Working with ANT has always been a slightly boring experience for me because of it’s rigid XML syntax. Setting up classpath, tasks like clean, compile, run tests etc., every time is a tedious process.
Ever since I started working with Groovy I started looking at a build tool known as Gradle. Gradle is a Groovy script that can be used to automate the build activities of your project. Let’s see how to build a simple Java project using Gradle.

You can download Gradle and add the bin folder to the path. I have a simple project ‘GradleEx1″ with the following project structure.

The src folder will have a class Hello with the following code.

package com.durasoft;
public class Hello{
	public String sayHello(String name){
		return "Hello " + name;	
	}
}

The tests folder will have a test case HelloTest with the following code.

package com.durasoft;

import org.junit.* ;
import static org.junit.Assert.* ;

public class HelloTest{

	private Hello helloObj = new Hello();
	
	@Test
	public void testSayHello(){
		assertEquals(helloObj.sayHello("Sam"),"Hello Sam");
	}
}

Let’s create a build script build.gradle in the GradleEx1 folder.

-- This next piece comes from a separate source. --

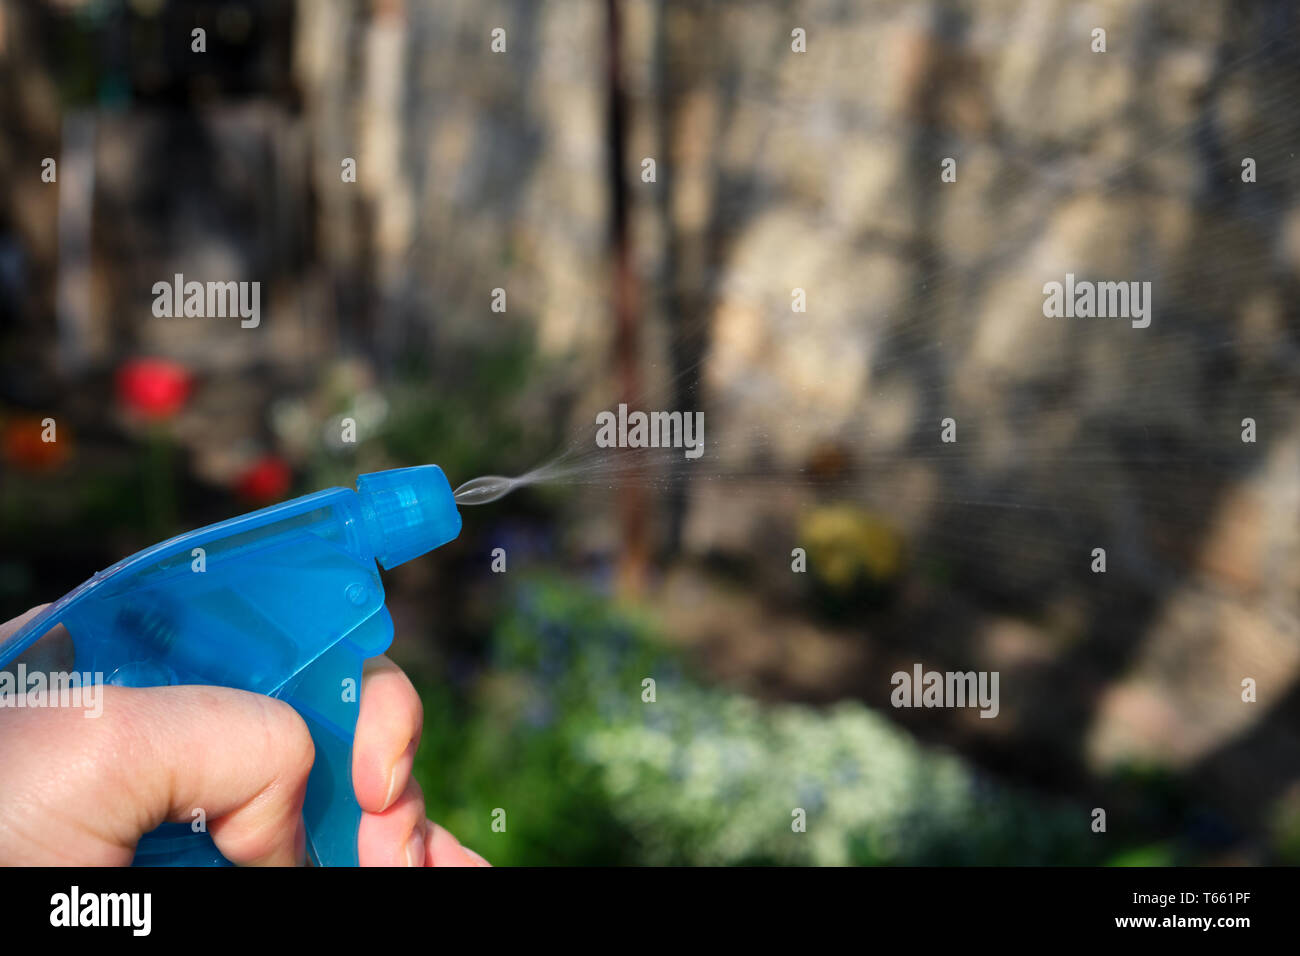 Femme main tenant une bouteille en plastique bleu avec du liquide et la pulvérisation de produits chimiques pour tuer les plantes et les insectes ravageurs, journée de printemps Banque D'Images
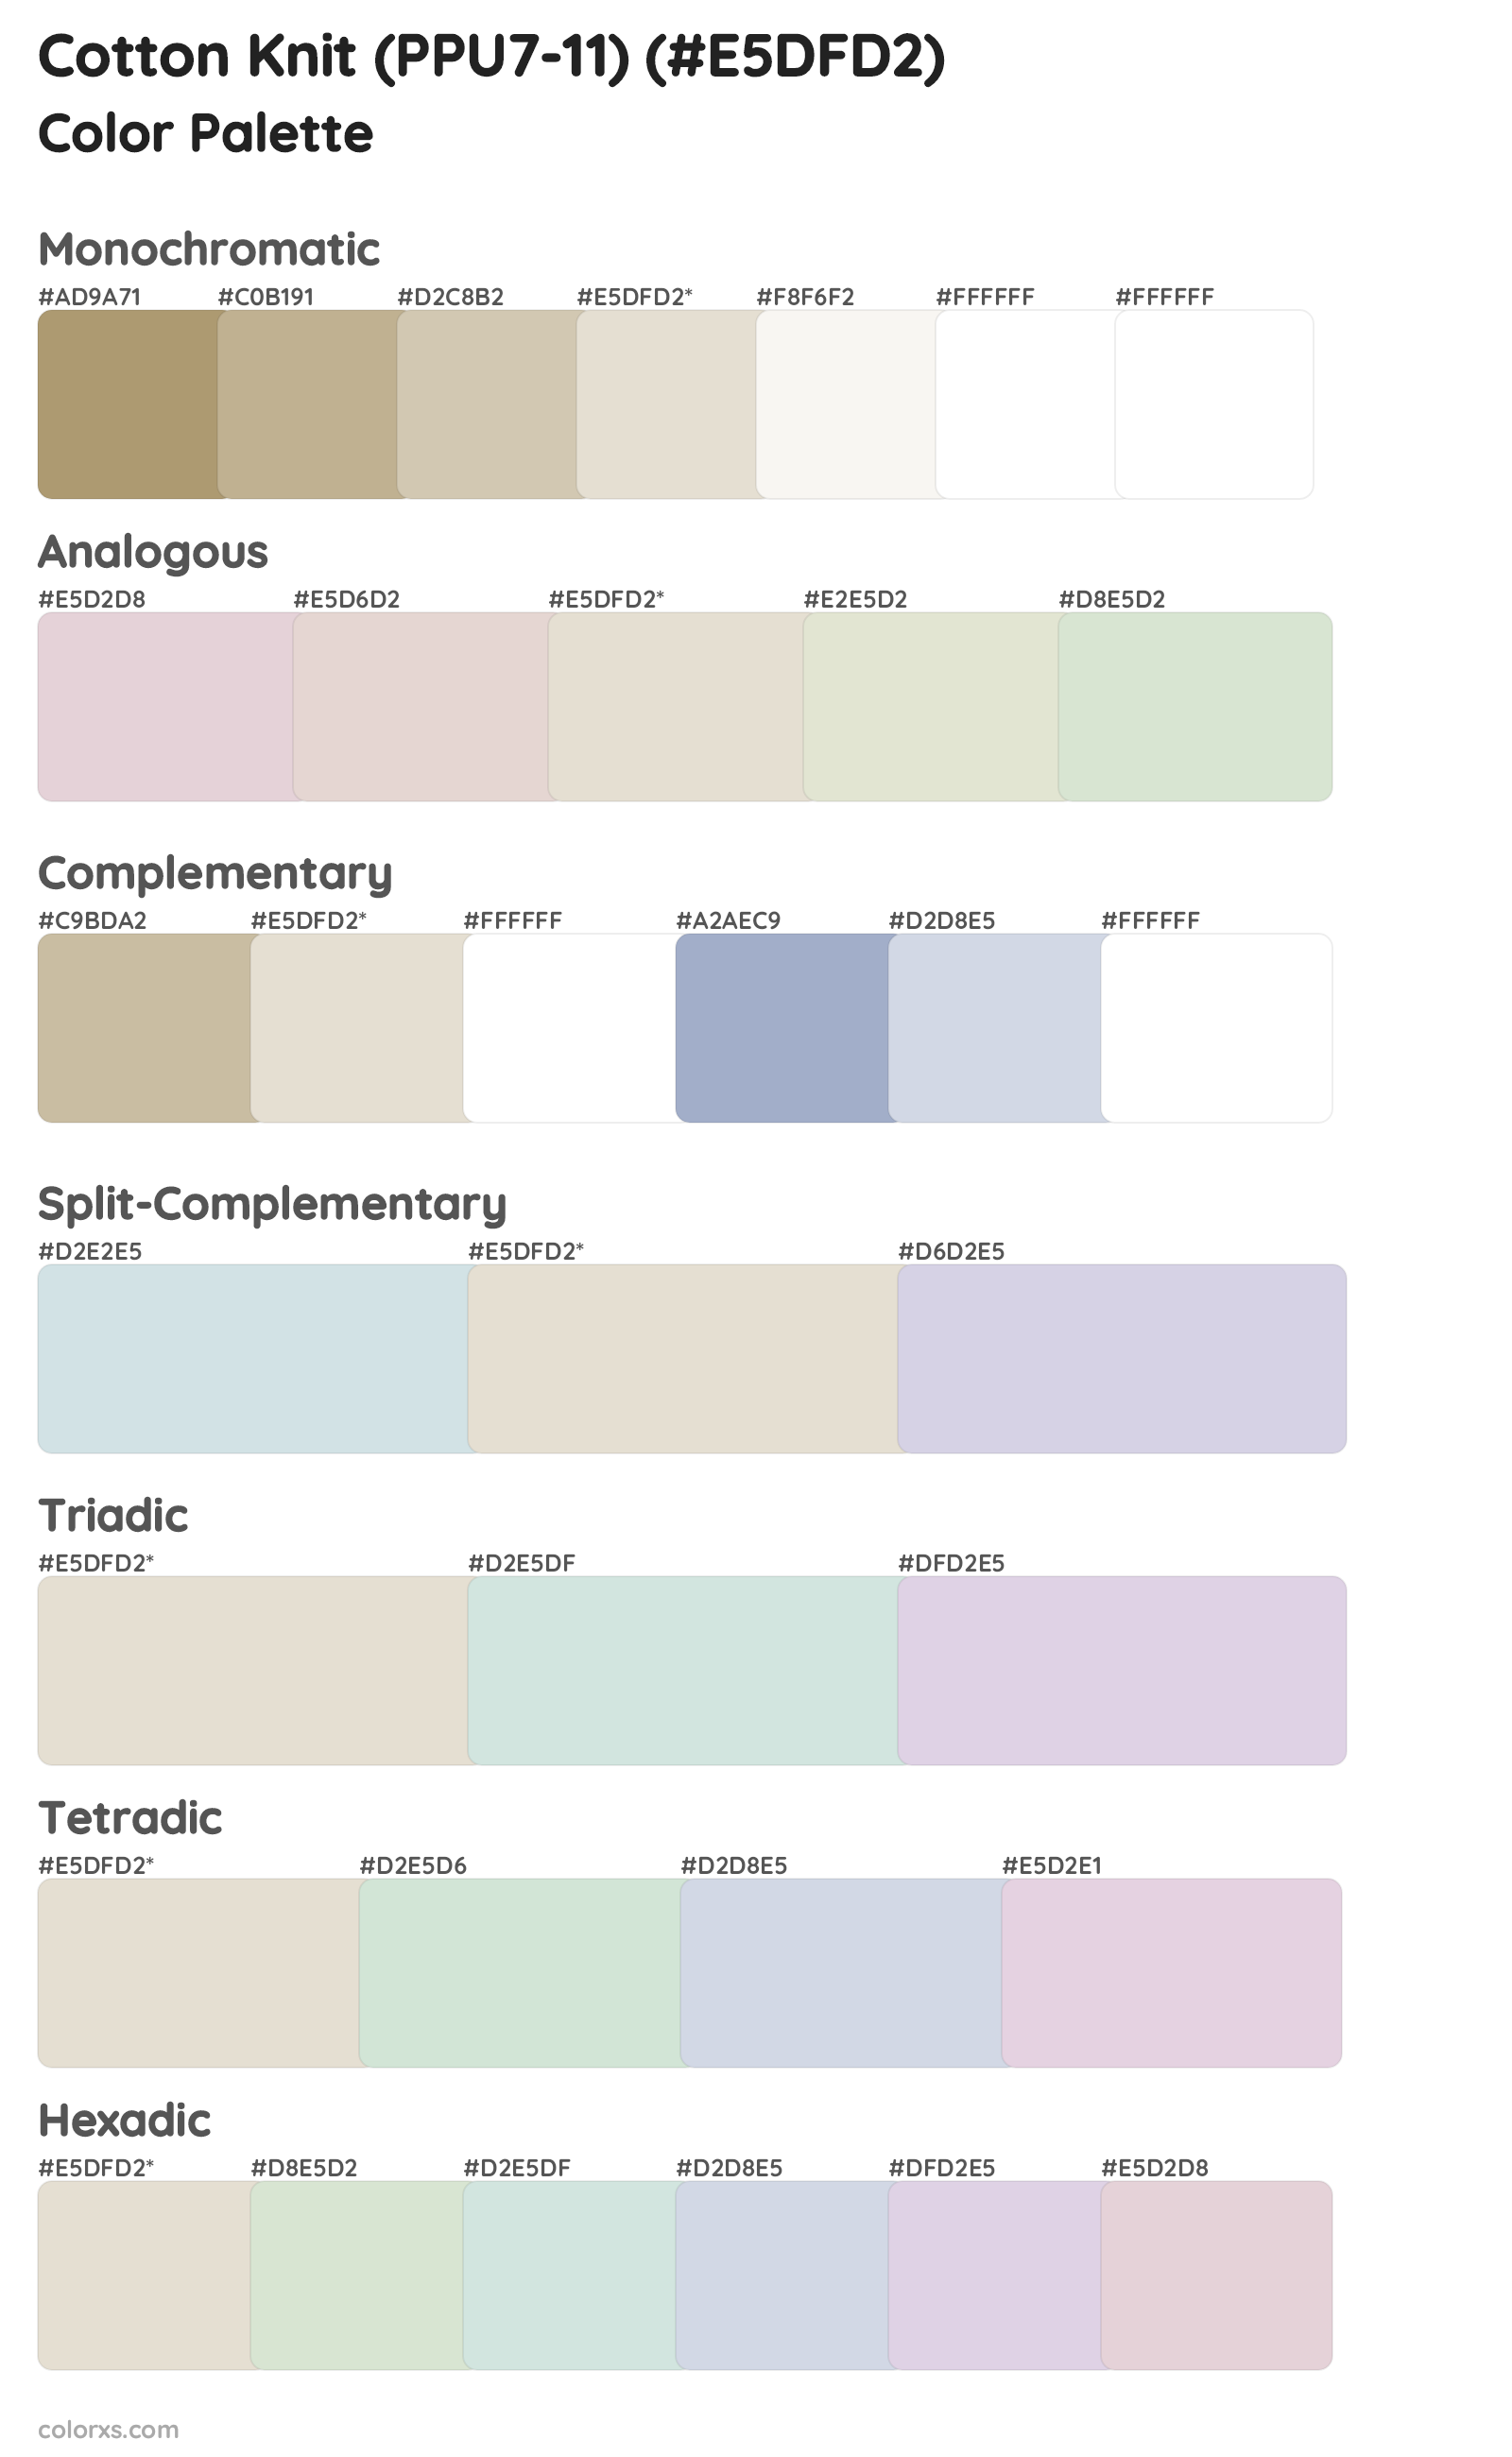 Cotton Knit (PPU7-11) Color Scheme Palettes

This gradle file will have a groovy script where you will specify the tasks compile, run tests and package them in a jar file. While doing that you will also add reference to JUnit library.

The build.gradle file is shown below.

apply plugin:'java'

version = "1.0"

repositories {
  mavenCentral()
}
 
dependencies {
  testCompile group: 'junit', name: 'junit', version: '4.8+'
}

sourceSets {
	main {
		java {
			srcDir "src"
		}
	}
	test {
		java {
			srcDir "tests"
		}
	}
}

Is that all??? Yes. All I have done is specify the source folders and the dependencies from maven repository. So what about the compile, run tests, jar etc? The single line apply plugin:’java’ does the trick. It gives you built-in tasks like compileJava, test, jar etc., associated with any ANT build. Here’s where the ‘convention over configuration’ paradigm of Groovy/Grails comes into picture.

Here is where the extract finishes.